Even before the lockdown, the members of this close-knit collective of the elite Nigerian professional artists preferred the social media as their platform of interaction. This is especially since its membership is spread across Nigeria and evn extends to Europe and America. “So, during the lockdown, we resorted to Zoom video meetings, which we found more convenient and stress-free. The social media and technology have come to the rescue.”

On the effect of the lockdown on art patronage, he insists that “art is happening always”, likening the business of art to other business endeavours. “Everything is selling: generators ,food, houses, cars,books, wine… All are selling and, like them, the business of art is still running. People are still producing art and collectors are buying art. It has never ceased and it will not cease. Statistics and data will reveal how many.”

Nonetheless, he is concerned about the impact of the press reports on COVID-19 on the sale of all products with the exception of foods and medicines. “I believe at all times some will sell and some will not. Many factors will be responsible for whether a sector or a person will be affected negatively or not.Even in this lockdown mega companies made profits and some crashed.”

“As a studio artist,” he continues. “I set my goals and my mantra is ‘I am a human being doing the business of art’. In this business, my job is to create art. I create and those who are in the business of selling art take over from there. If I create useful, valuable art that can profit people who deal in art, then sale is assured!”
He brushes aside the apocalyptic notions swirling around the pandemic as exaggerated. According to him, the so-called period of uncertainty “is all a mind thing created by people, who are meditating in the wrong direction.”
“If I must project into the future, I will project that people will get out of the fear mode and begin to live positively knowing that ‘this too shall pass’.”

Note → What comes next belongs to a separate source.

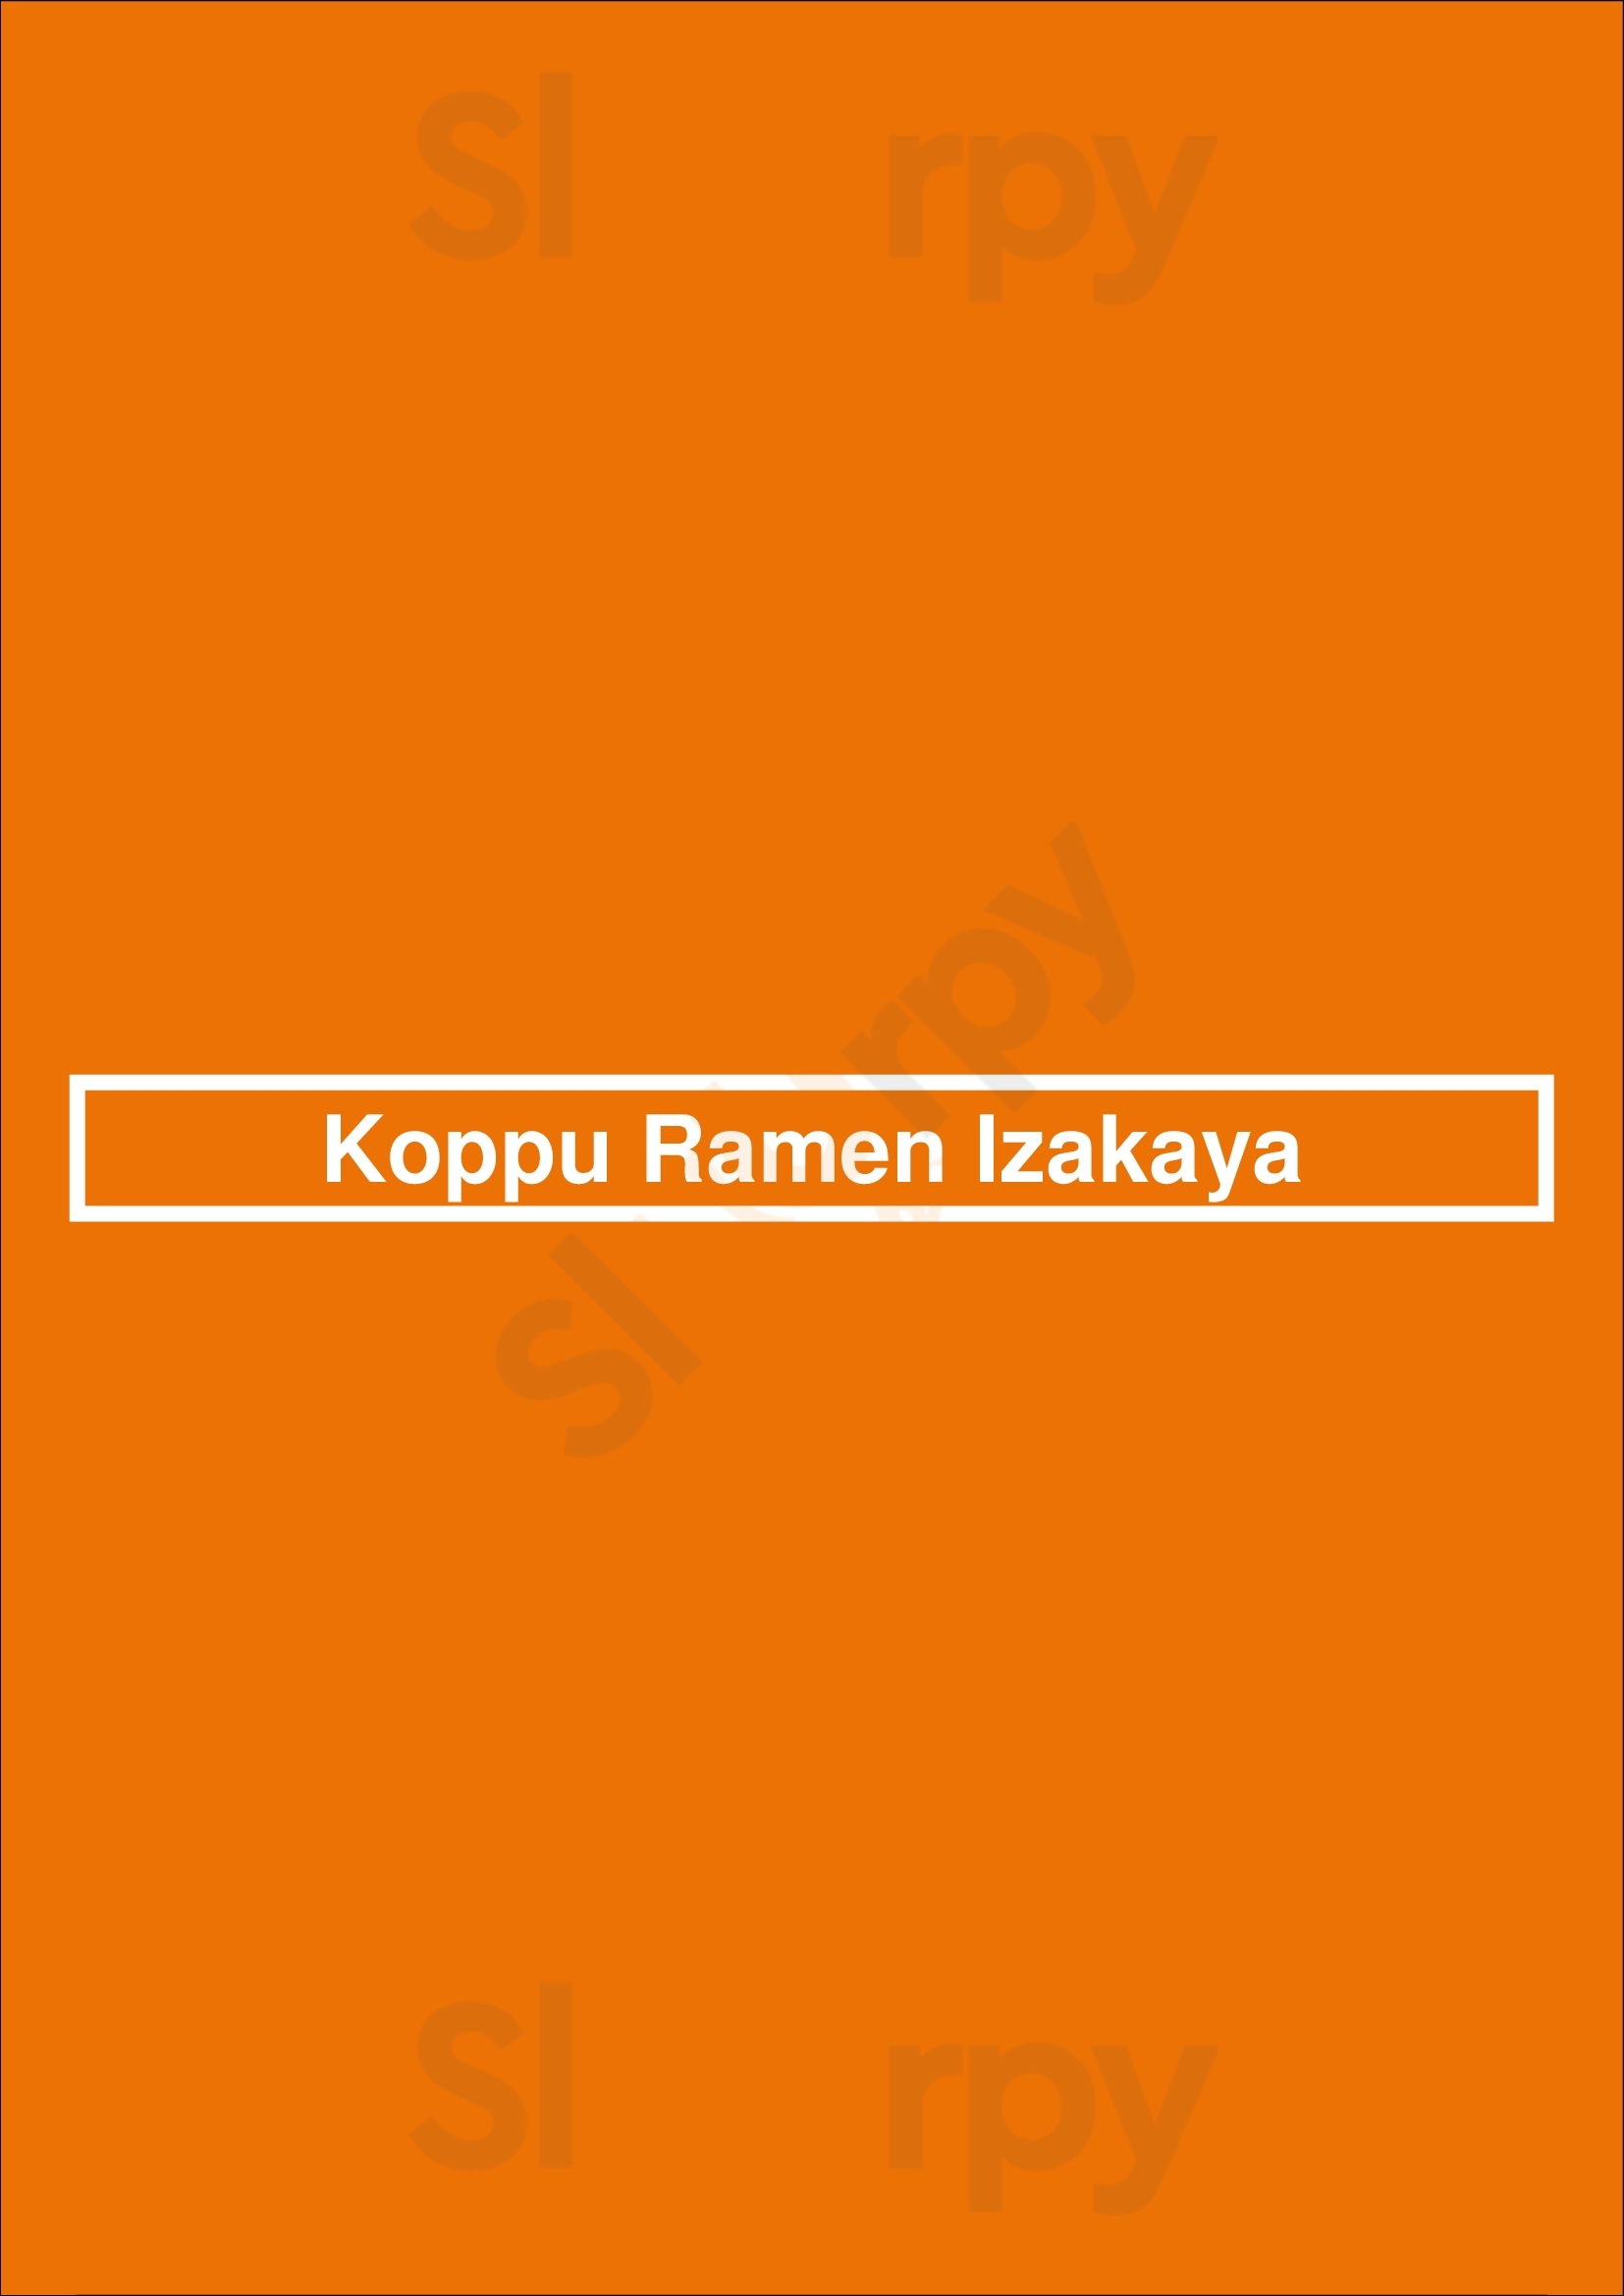 Koppu Ramen Izakaya - Avenida Lisboa Menu - 1

Ovraiti premises his optimism on the current positive reports from the art sector despite the pandemic. First, there was, on the international scene, a recent sale of a 1982 painting by the late American artist of Haitian and Puerto Rican descent, Jean-Michel Basquiat, titled “Boy and Dog in a Johnnypump” for $100 million. Then, the bidings for the Lagos-based Arthouse Contemporary Limited’s first-ever online auction flagged off on Tuesday, June 9 and concludes on Monday, June 15.

“Other auction houses have followed suit,” he believes. “This goes to show that the more things change, the more they remain the same. Art will always be created by us, who overcome fear. The business will go on. And collectors like trees are not afraid of the weather. They will always be there.”
He, therefore, advises the younger generation of artists to keep their creative dreams alive and remain open to more revelations irrespective of what the outer world is presenting. “COVID-19 is a phase. Art will remain.”